* _YOUR ASSIGNMENT_: Without including any pictures, reproduce all the lines below word for word.

* _DATASET SECTION_:
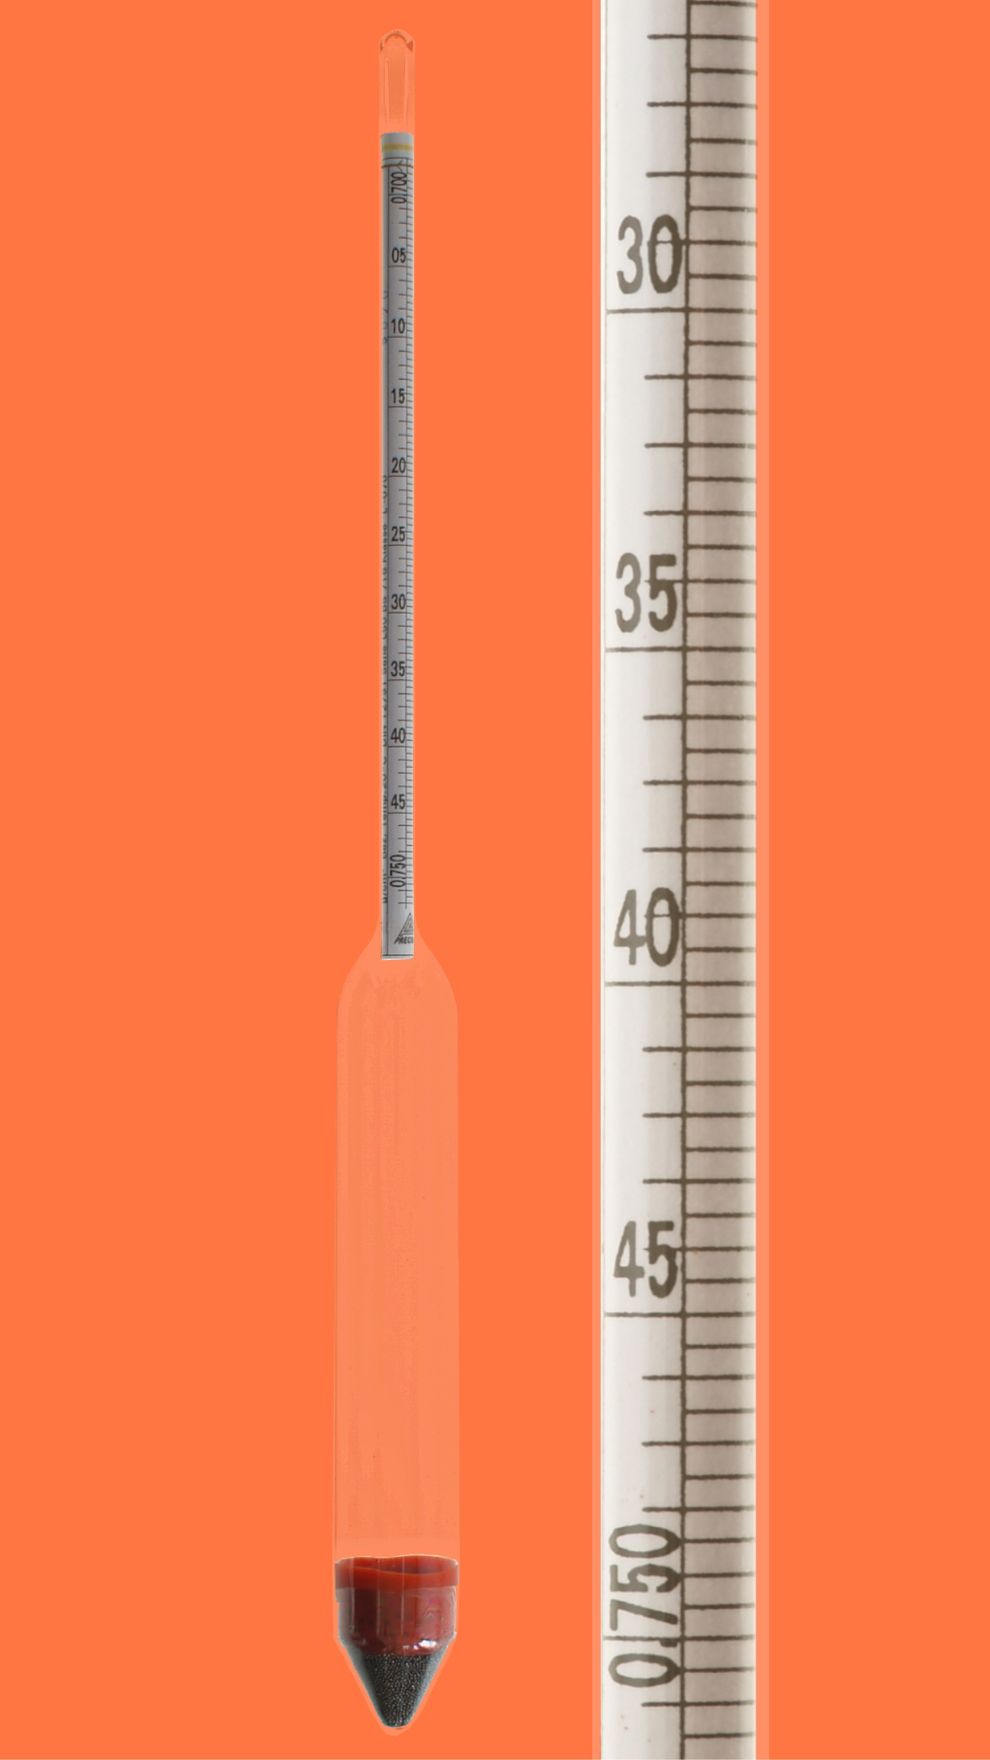 Aräometer, DIN 12791, L50, 1,75-1,80:0,0005g/cm³, Bezugstemp. 20°C, ohne Thermometer
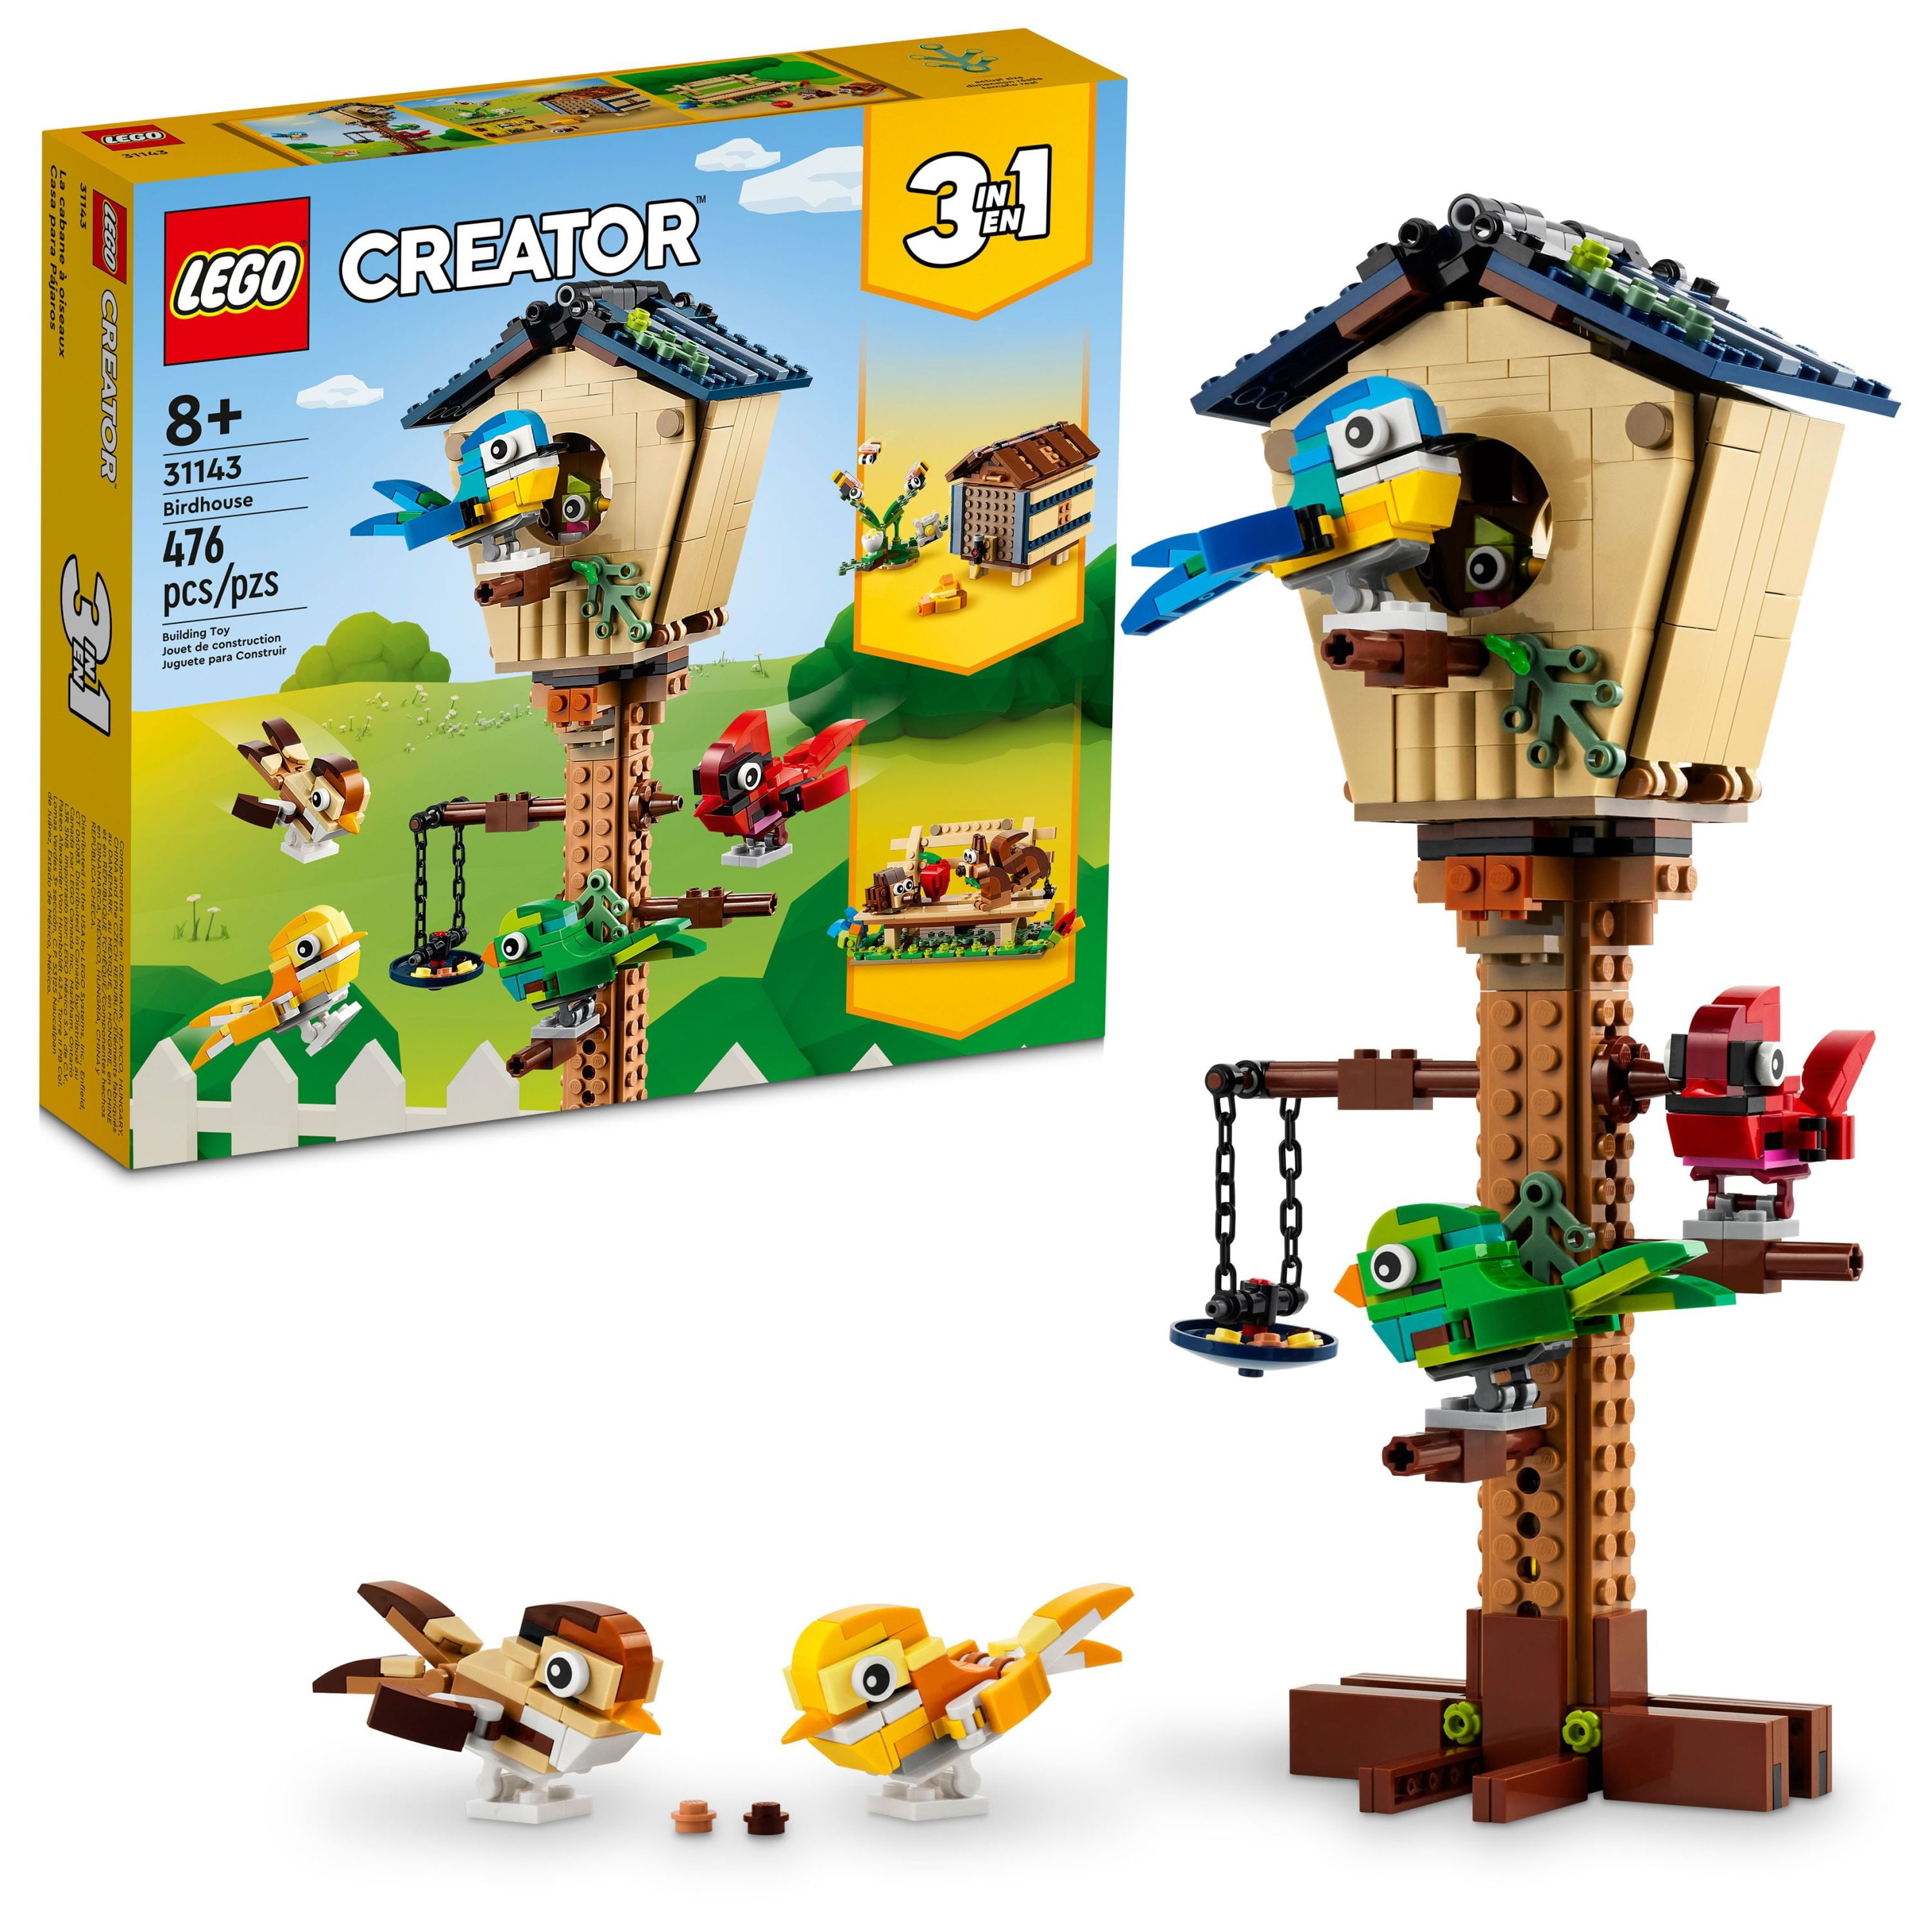 LEGO Creator 3in1 Birdhouse 31143 Building Toy Set (476 Pieces)
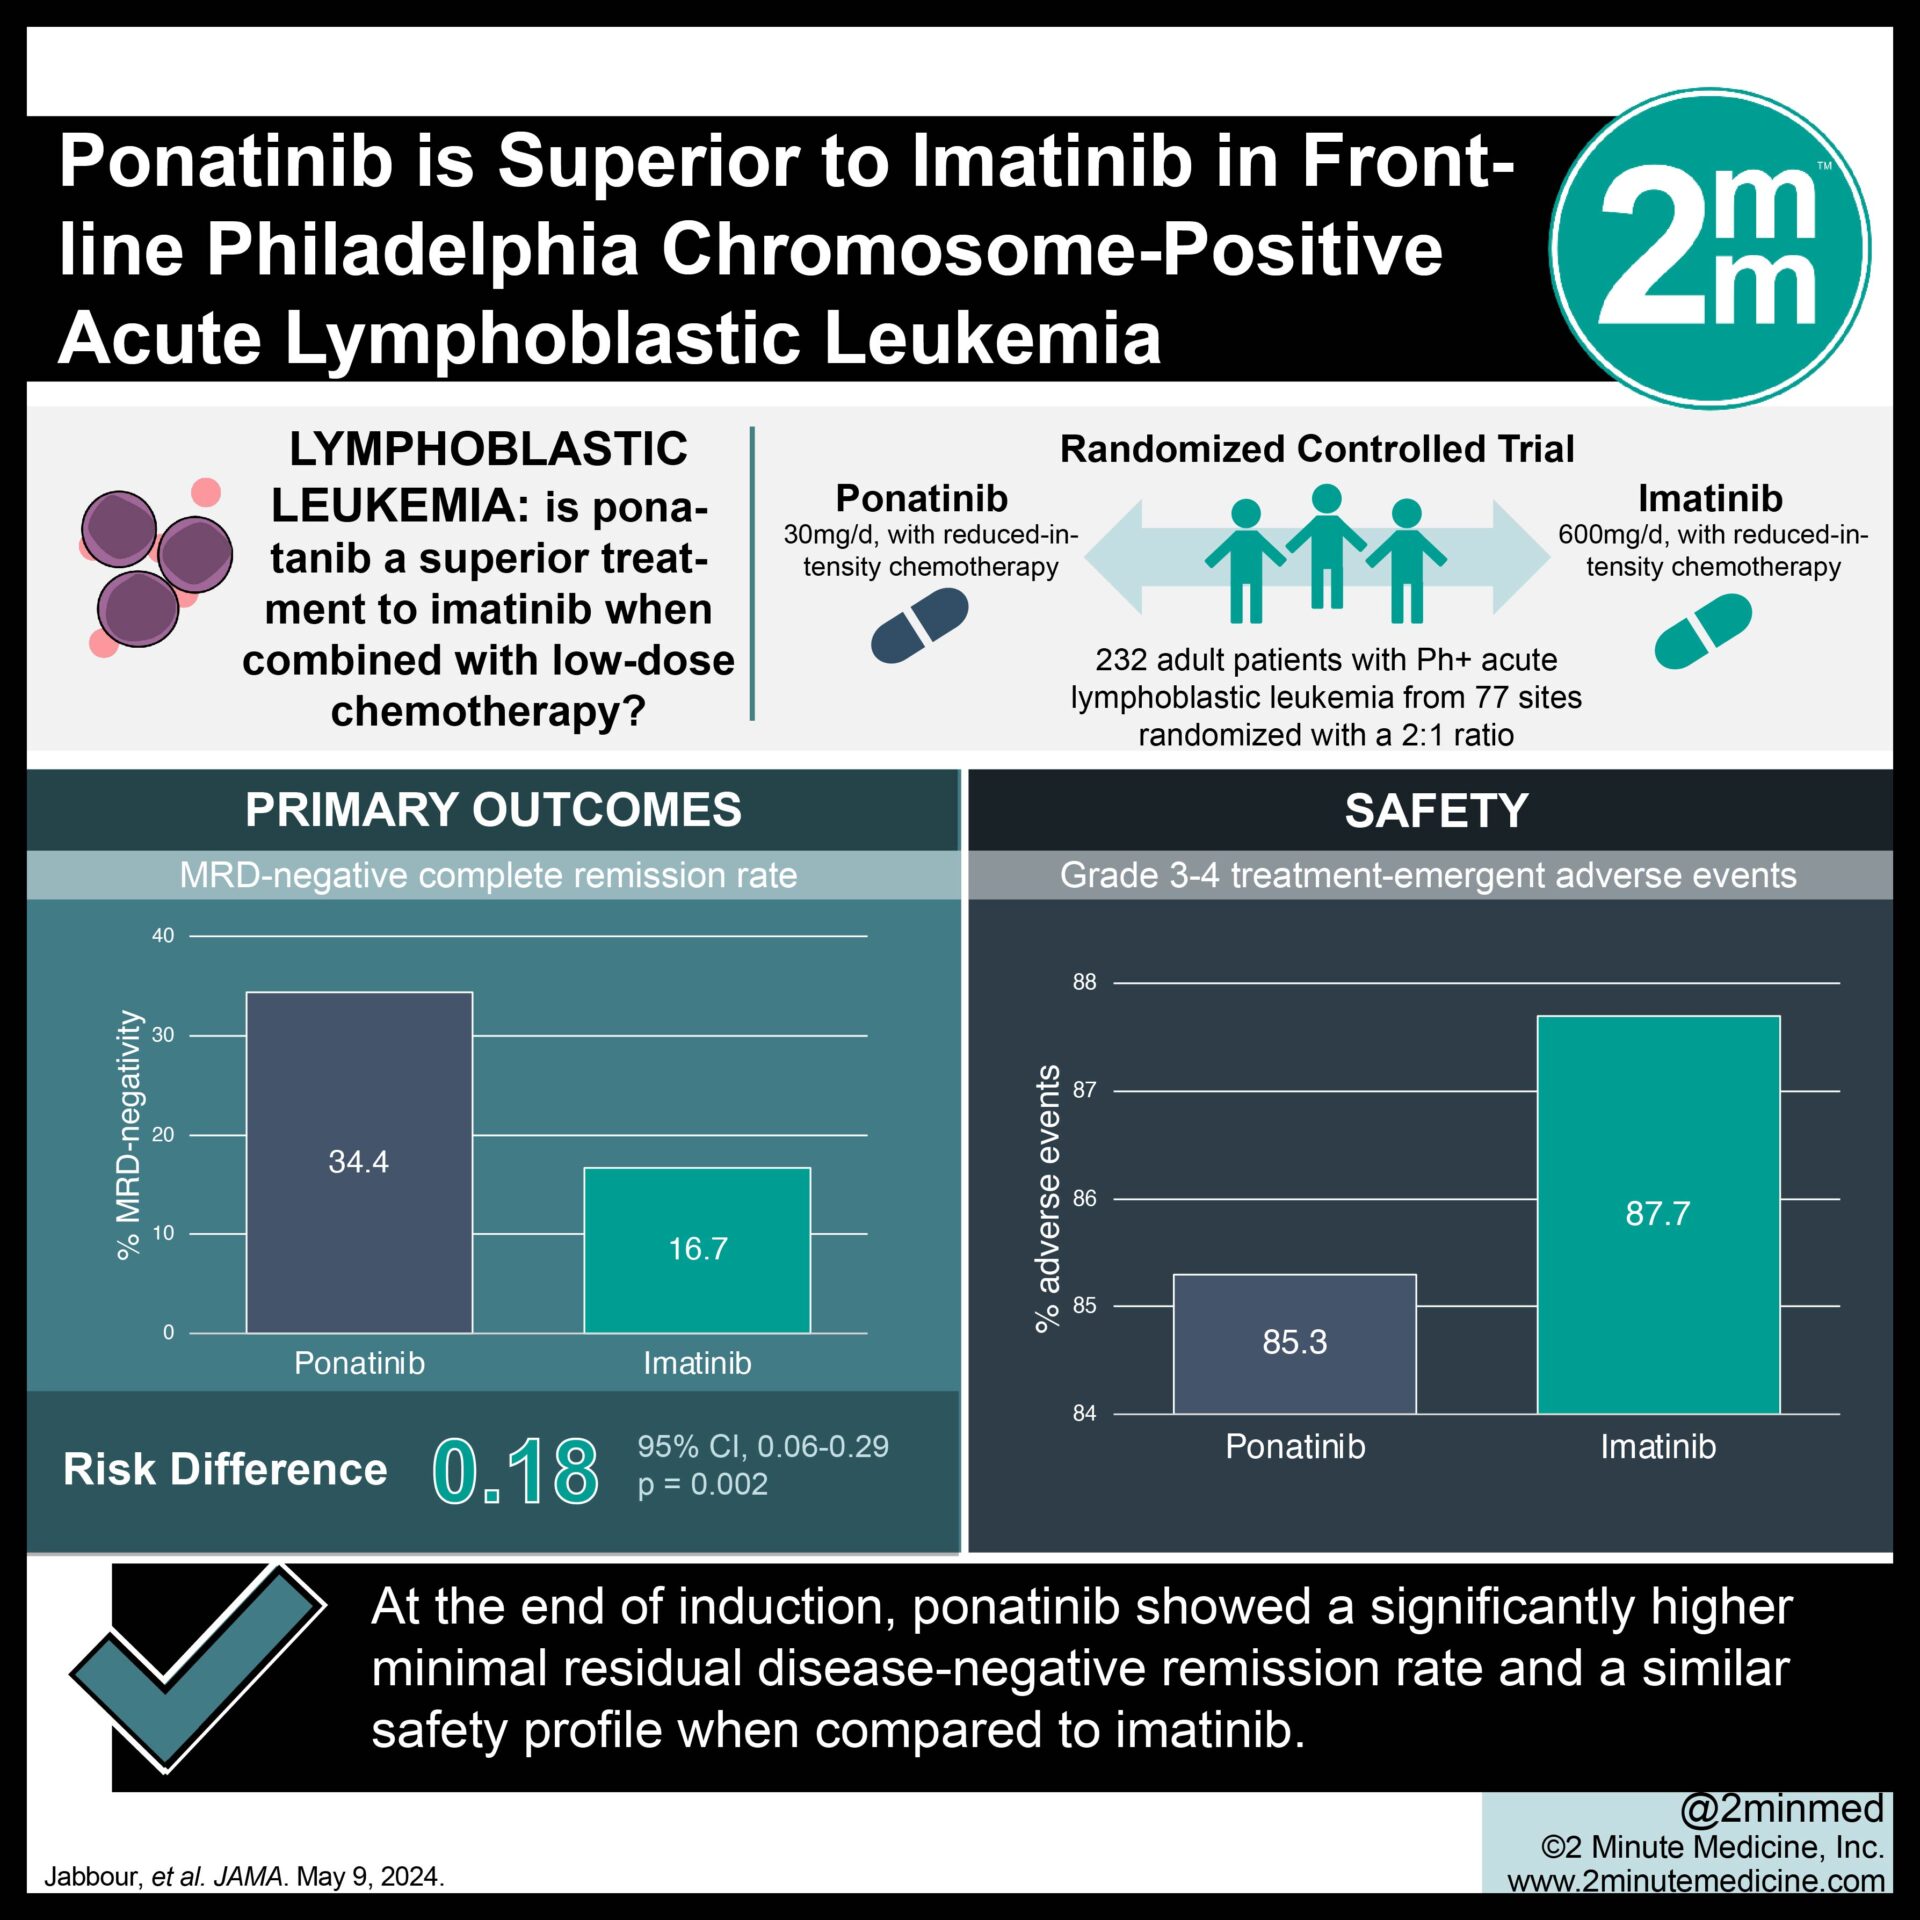 #VisualAbstract: Ponatinib is Superior to Imatinib in Frontline Philadelphia Chromosome-Positive Acute Lymphoblastic Leukemia

* _EXERCISE RESPONSE_:
 Aräometer, DIN 12791, L50, 1,75-1,80:0,0005g/cm³, Bezugstemp. 20°C, ohne Thermometer
 LEGO Creator 3in1 Birdhouse 31143 Building Toy Set (476 Pieces)
 #VisualAbstract: Ponatinib is Superior to Imatinib in Frontline Philadelphia Chromosome-Positive Acute Lymphoblastic Leukemia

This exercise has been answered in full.